The Life and Work of Grahame King

Grahame King was a Australian printmaker. He has been described as the “patron saint of contemporary Australian printmaking”. ((Grishin, 41)) He helped set up the Print Council of Australia, of which he was the first Honorary Secretary and was later President. He taught printmaking at The Royal Melbourne Institute of Technology (RMIT) from 1966 to 1988. In 1991, he was awarded an Order of Australia for his services to education. As well as his teaching, King produced his own art work, concentrating on lithographs and monotypes. He was also a skilled photographer and used his photography both in his teaching and in his practice.Grahame_King-2

Life

Grahame Edwin King was born in Melbourne on 23 February 1915. He left school when he was about fifteen and started work as a clerk, then taught himself ticket-writing and got a job with a store. ((Gleeson, 16.)) In 1934, he started studying commercial art at night at the Working Men’s College of Melbourne (which became Melbourne Technical College and later the Royal Melbourne Institute of Technology (RMIT)). Later he went to the Elton Fox Academy, which taught commercial art and design as well as traditional painting skills: a useful training for someone who wanted to make his living from art, as Grahame King did. ((Zimmer, “Melbourne Story”, 92.)) In the late 1930s, King helped pioneer the new art of chromo-photolithography which transformed colour advertising in the print industry. ((Jenny Zimmer, obituary, 16.)) He was able to make use of this expertise for the rest of his career. ((Gleeson, 17.))

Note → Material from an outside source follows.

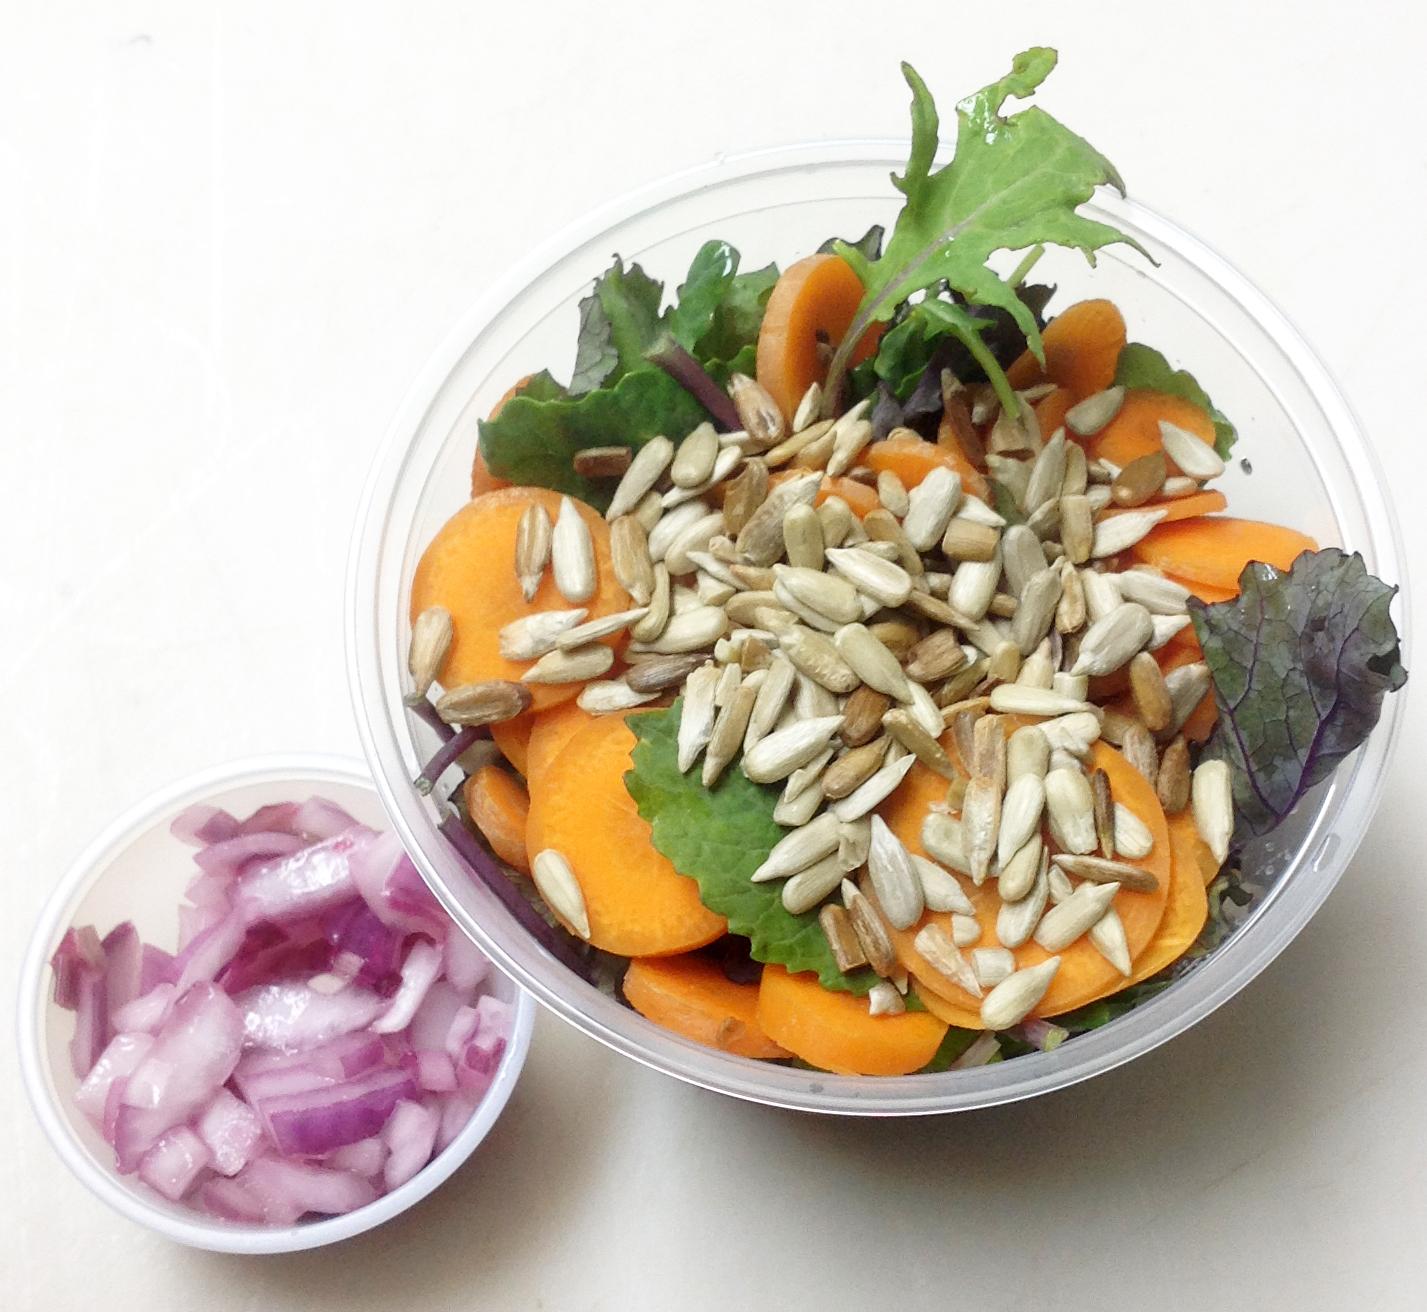 kale-salad-2.jpg

During this period, King spent his weekends going out with other young artists to paint landscapes. Then in 1939, the year of the highly influential exhibition of French and British Contemporary Art in Melbourne sponsored by the MelbourneHerald, King started attending night classes at the art school of the National Gallery of Victoria. He later won a scholarship which covered a year’s tuition at the Gallery School and was able to persuade his employer to give him time off during the day to attend classes. ((Gleeson, 18))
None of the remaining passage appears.